Some adults are sitting upon laurels won by others and bronzed by institutions devoted to arthritic decay and entropy. The "adult" part of their behavior is negative -- they are NOT young, growing, learning, seeking, or even doing very much.

I am astonished to see the word "adult" used as a caution, as if "adult" was to be warned against. Perhaps there is some truth to that. There are so many optimal characteristics of children, and for so many, maturation is a sad disaster. All the same difference, it just seems unseemly: "Beware! This Film contains scenes of grown-up and mature behavior!" "This book is of no help for infants or larva below the age of 21." Or the shop offering "Adult Toys" -- as if monished by a forbidding heaven that adults might be playing nearby.

Even more surprising, the "Adult" admonition usually flags pornography. This is even nuttier. Pornography is usually not mature. At its best it depicts the naked fantasies of juveniles. More often it simply displays preposterous postures and unlikely ordeals of endurance engaged in by childless people for money. The level of intercourse ranges from play to torture, and almost none of it is "Adult" behavior.

Admittedly, the audience for pornography is huge. And it crosses all borders and penetrates all age groups. Little children are curious about naked. Little elders are curious about naked. Everyone flies into reflection and longing at the sight of sex.

"Adult" is often coupled with the word "themes". When you have "adult themes", then the material is usually not pornographic enough to attract the huge audience for infantile fantasies. And that is also counter-intuitive. Fantasies around youthful or even (chillingly) "first time" sexual display are almost universally interesting. Do mature people REALLY want to be "young" again? Do they remember that when they were young, the one thing they most wanted was to be "adult"?

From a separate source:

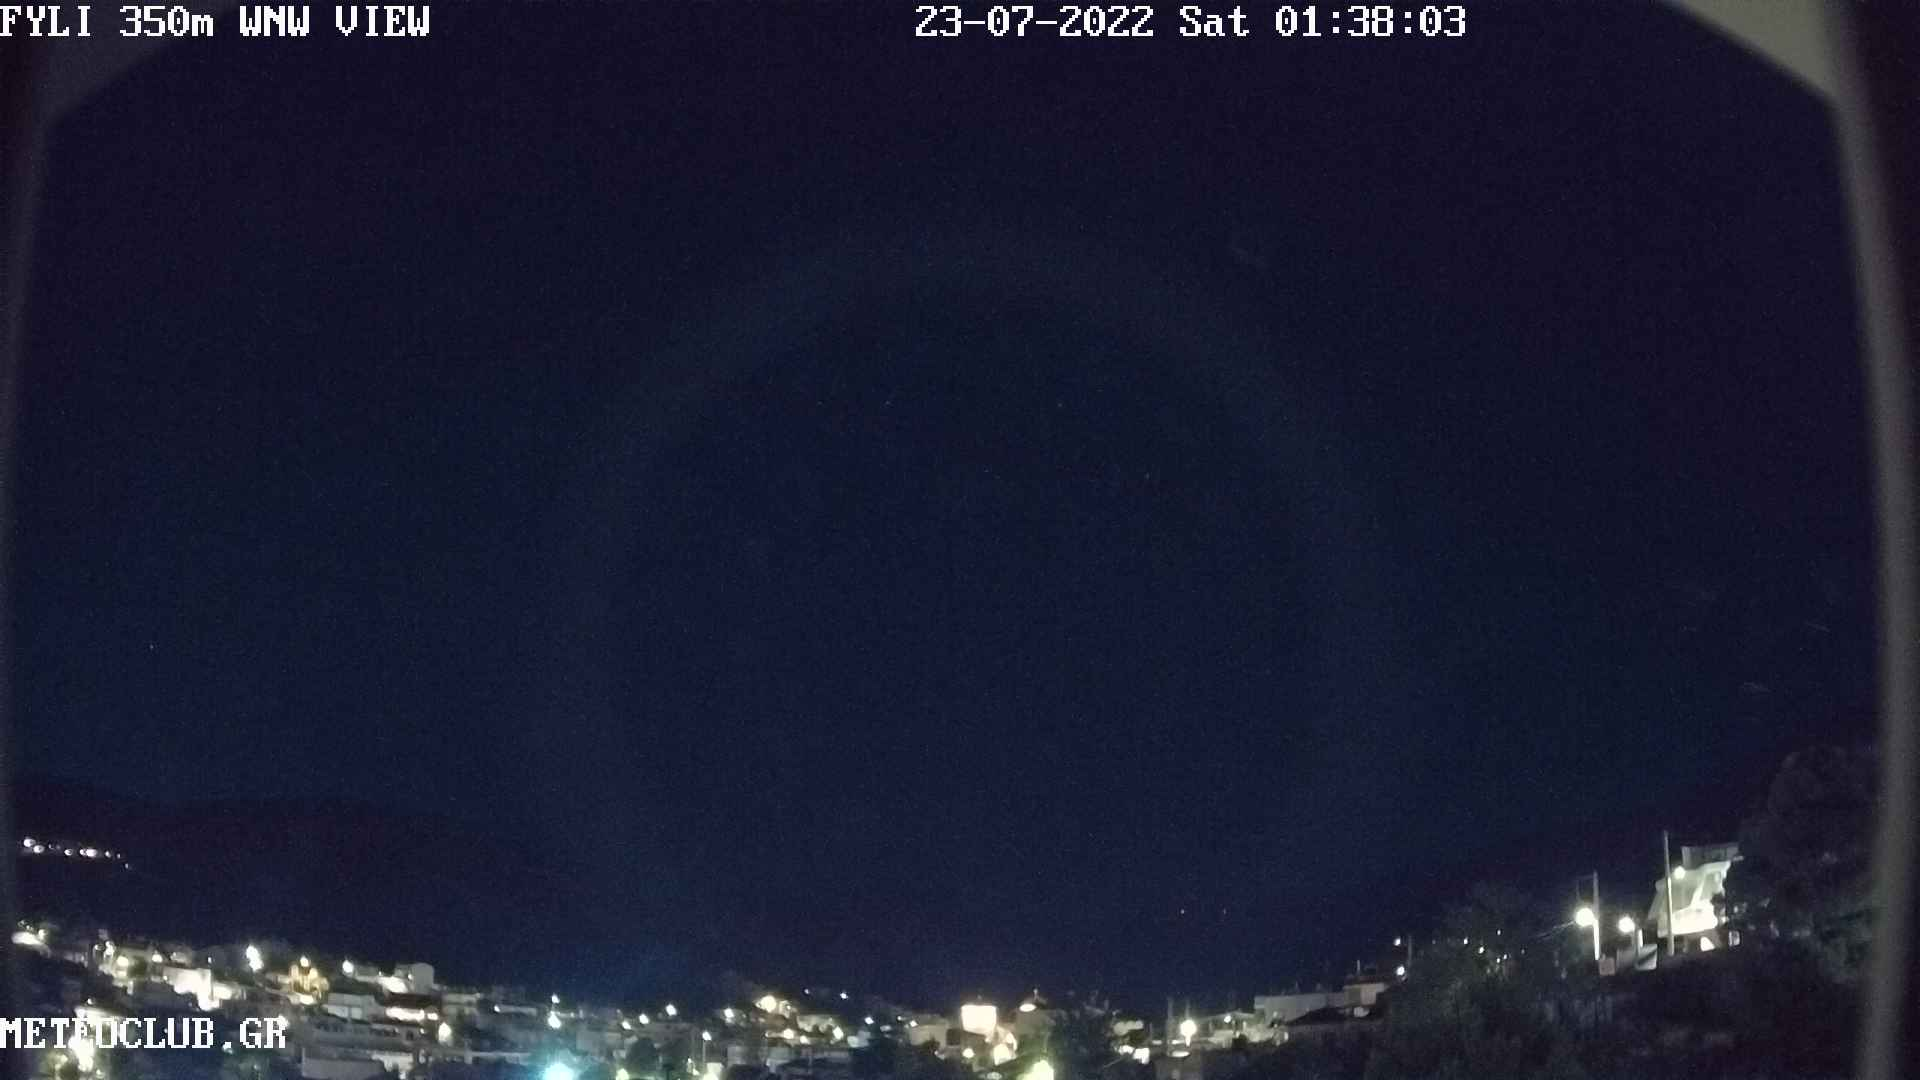 Webcam Φυλή Αττικής

Does anyone, other than a few adherents of unnaturally pious apostles of a cult, WANT to be a Virgin? Is it actually a "turn on" to be fumbling with a person who is filled with uncertainties, concerns, or even fears? How "adult" is that?

2 comments:

  1. 'Everyone flies into reflection and longing at the sight of sex.'

    Or as Auden puts it:

    Sex is but a dream to
    Seventy-and-over
    But a joy proposed un-
    Til we start to shave...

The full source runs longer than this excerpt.